Each line from the one containing "500W Peaks Electric" through the final line of the records is to be repeated exactly, with no additions.

■ Given records:
▼

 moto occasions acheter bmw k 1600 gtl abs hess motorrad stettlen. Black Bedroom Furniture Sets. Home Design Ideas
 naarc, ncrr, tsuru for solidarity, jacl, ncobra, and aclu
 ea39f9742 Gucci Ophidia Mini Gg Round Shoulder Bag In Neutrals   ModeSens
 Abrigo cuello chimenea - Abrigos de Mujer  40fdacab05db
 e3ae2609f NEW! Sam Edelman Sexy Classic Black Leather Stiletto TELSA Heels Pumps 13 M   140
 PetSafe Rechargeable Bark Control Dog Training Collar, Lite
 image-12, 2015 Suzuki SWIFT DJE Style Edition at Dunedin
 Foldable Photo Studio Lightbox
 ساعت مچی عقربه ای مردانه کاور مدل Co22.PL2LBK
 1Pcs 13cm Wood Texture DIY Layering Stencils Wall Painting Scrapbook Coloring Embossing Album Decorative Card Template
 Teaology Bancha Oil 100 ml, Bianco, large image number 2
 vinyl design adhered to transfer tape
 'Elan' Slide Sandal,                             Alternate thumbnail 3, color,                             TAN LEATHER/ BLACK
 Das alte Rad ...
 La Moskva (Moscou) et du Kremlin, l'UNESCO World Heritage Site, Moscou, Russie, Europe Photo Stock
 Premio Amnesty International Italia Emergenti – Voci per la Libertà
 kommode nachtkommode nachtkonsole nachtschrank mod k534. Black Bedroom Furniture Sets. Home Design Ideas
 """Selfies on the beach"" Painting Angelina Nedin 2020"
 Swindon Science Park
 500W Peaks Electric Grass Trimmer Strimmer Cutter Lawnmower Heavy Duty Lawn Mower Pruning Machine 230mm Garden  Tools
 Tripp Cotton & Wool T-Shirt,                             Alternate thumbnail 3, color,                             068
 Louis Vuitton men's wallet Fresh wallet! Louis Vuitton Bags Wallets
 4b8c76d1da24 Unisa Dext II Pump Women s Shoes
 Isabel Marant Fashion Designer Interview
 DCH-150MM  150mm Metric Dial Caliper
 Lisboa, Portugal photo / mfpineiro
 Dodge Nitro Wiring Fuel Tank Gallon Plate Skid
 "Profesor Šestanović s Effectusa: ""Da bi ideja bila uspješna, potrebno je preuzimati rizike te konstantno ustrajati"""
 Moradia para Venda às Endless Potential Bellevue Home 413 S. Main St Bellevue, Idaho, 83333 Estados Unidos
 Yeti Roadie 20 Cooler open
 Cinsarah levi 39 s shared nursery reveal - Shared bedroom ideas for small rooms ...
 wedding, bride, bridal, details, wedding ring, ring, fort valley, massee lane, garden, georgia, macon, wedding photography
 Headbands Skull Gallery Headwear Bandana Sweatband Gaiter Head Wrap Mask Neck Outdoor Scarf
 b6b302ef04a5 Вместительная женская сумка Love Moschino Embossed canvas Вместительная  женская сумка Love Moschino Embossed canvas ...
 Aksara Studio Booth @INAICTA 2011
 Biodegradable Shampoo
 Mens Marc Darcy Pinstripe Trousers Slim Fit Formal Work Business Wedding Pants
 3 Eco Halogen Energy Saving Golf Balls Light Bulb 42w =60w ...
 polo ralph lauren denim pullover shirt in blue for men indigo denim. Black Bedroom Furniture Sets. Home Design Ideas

▲

■ Task answer:
 500W Peaks Electric Grass Trimmer Strimmer Cutter Lawnmower Heavy Duty Lawn Mower Pruning Machine 230mm Garden  Tools
 Tripp Cotton & Wool T-Shirt,                             Alternate thumbnail 3, color,                             068
 Louis Vuitton men's wallet Fresh wallet! Louis Vuitton Bags Wallets
 4b8c76d1da24 Unisa Dext II Pump Women s Shoes
 Isabel Marant Fashion Designer Interview
 DCH-150MM  150mm Metric Dial Caliper
 Lisboa, Portugal photo / mfpineiro
 Dodge Nitro Wiring Fuel Tank Gallon Plate Skid
 "Profesor Šestanović s Effectusa: ""Da bi ideja bila uspješna, potrebno je preuzimati rizike te konstantno ustrajati"""
 Moradia para Venda às Endless Potential Bellevue Home 413 S. Main St Bellevue, Idaho, 83333 Estados Unidos
 Yeti Roadie 20 Cooler open
 Cinsarah levi 39 s shared nursery reveal - Shared bedroom ideas for small rooms ...
 wedding, bride, bridal, details, wedding ring, ring, fort valley, massee lane, garden, georgia, macon, wedding photography
 Headbands Skull Gallery Headwear Bandana Sweatband Gaiter Head Wrap Mask Neck Outdoor Scarf
 b6b302ef04a5 Вместительная женская сумка Love Moschino Embossed canvas Вместительная  женская сумка Love Moschino Embossed canvas ...
 Aksara Studio Booth @INAICTA 2011
 Biodegradable Shampoo
 Mens Marc Darcy Pinstripe Trousers Slim Fit Formal Work Business Wedding Pants
 3 Eco Halogen Energy Saving Golf Balls Light Bulb 42w =60w ...
 polo ralph lauren denim pullover shirt in blue for men indigo denim. Black Bedroom Furniture Sets. Home Design Ideas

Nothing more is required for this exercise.